Comedian Dave Chappell posted a video on Instagram on Tuesday urging fans not to stream episodes of his Comedy Central show. The request comes at the end of a long clip from Chappell, during which he reveals that he was dragged out after listening to the Netflix series.
“I beg you, if you ever liked me, if you ever think something useful about me, I beg you, please do not watch that show,” Chappell said. “I’m not asking you to ignore any network. Ignore me. ‘Ignore Chappell’s show. Don’t watch it if they do not pay me.”
Most of the 19-minute clip is dedicated to Chappell, due to a contract he signed earlier Quit suddenly “Chappell Show,” he said, not getting any extra money for the work he did – even though the big media companies continue to profit from his work.
“I signed the contract the way a 28-year-old expectant father signed a contract,” he explained. “I wished, it needed a way out. It’s not good money, it’s not good circumstances, but, ‘What else am I going to do?’ I said.”
After two successful seasons, Chappell has signed on with Comedy Central for a $ 50 million extension. After several production delays, Chappell left the show and the country. Comedy Central then put together an abridged third season using unpublished sketches.

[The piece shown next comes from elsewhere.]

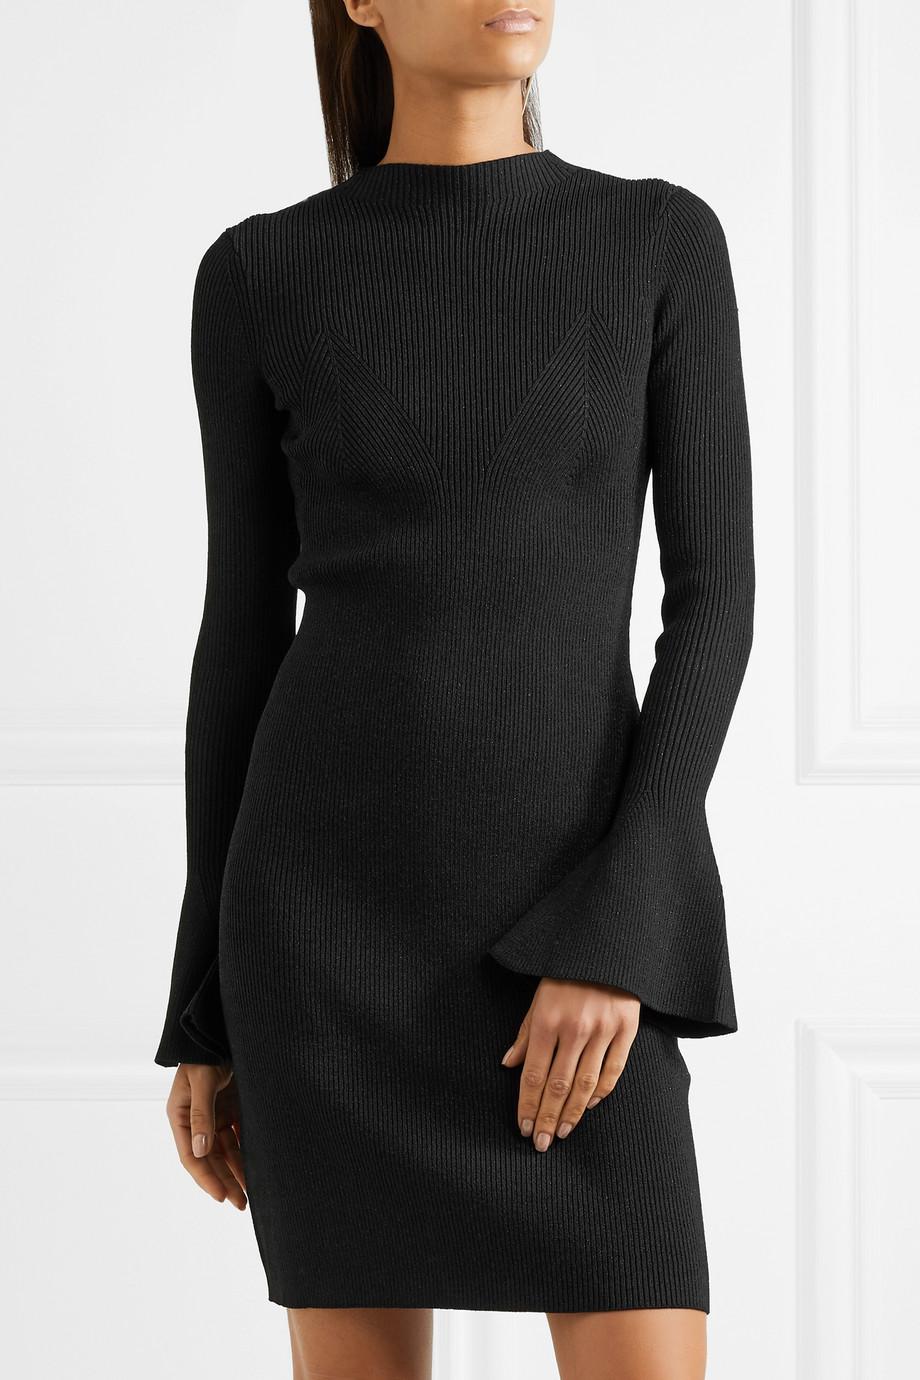 Maje Metallic Ribbed-knit Mini Dress in Black - Lyst

“People think I made a lot of money from the Chappell show. When I left the show, I never got paid. They didn’t have to pay me because I signed the contract. But is that right?” Chappell asked the audience. “I found that these people were streaming my work. They never had to ask me, they never had to tell me. Because I signed the law, it’s legal, but is it right?”

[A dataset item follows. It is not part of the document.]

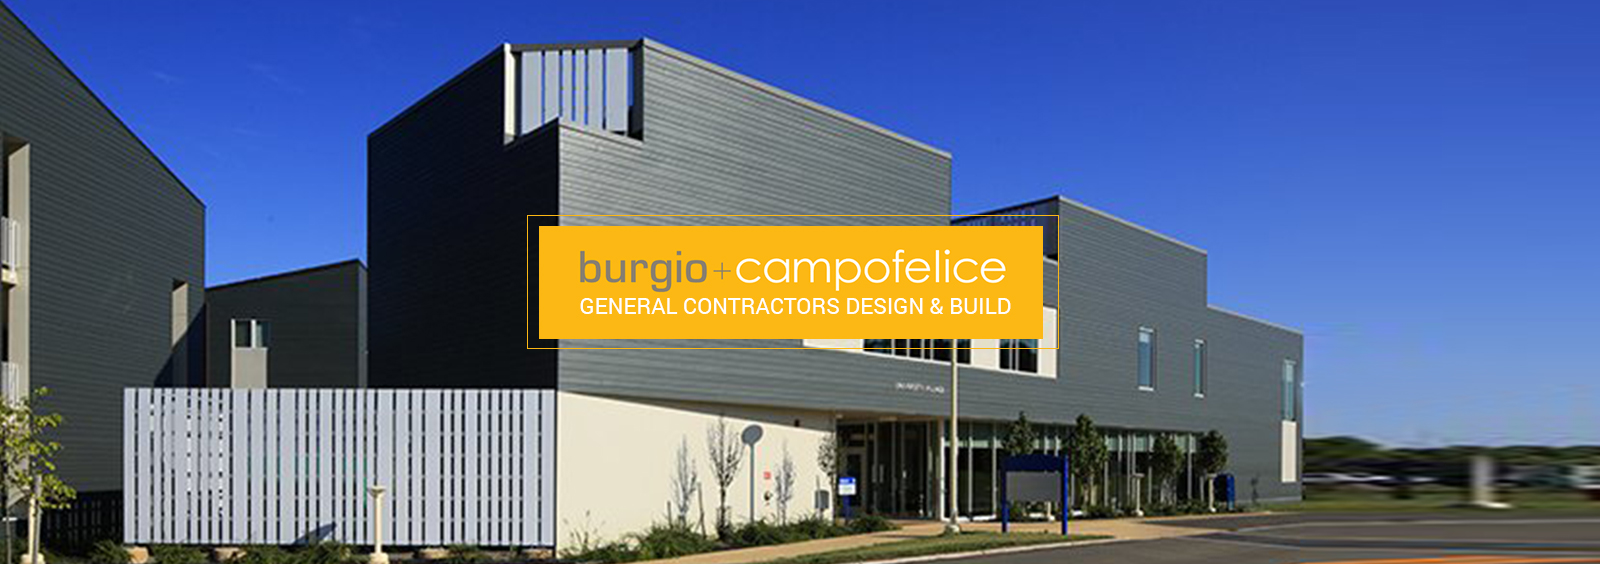 Burgio & Campofelice - general contractors design-build

The comedian is also taking issue with HBO Max, which recently started streaming the show. He gave “Chappell’s Show” to HBO, which he rejected before heading to Comedy Central.
The executives who rejected the pitch asked him, “What do we need for you?”
“We’re here after all these years and they’re streaming the show I told them about,” Chappell said. He explained that Netflix was able to simply pull the show by asking them.
“When I found out they were streaming‘ Chappell’s Show ’, I was angry,” he said. “How do they know? So you know what I did? I called them and I told them it makes me feel bad. And do you want to know what they did? Can feel better.”
The clip ends with Chappell directly criticizing Viacom CBS, which owns Comedy Central, which he says is an unfair deal. He acknowledged that current executives may be unaware of the situation, as happened a decade ago, and encouraged them to go into the accounting department to see how much money “Chappell’s Show” had made compared to how much he was paid.
He then invites the company to make a deal with him.
Viacom CBS, which owns CBS News, did not respond to a request for comment.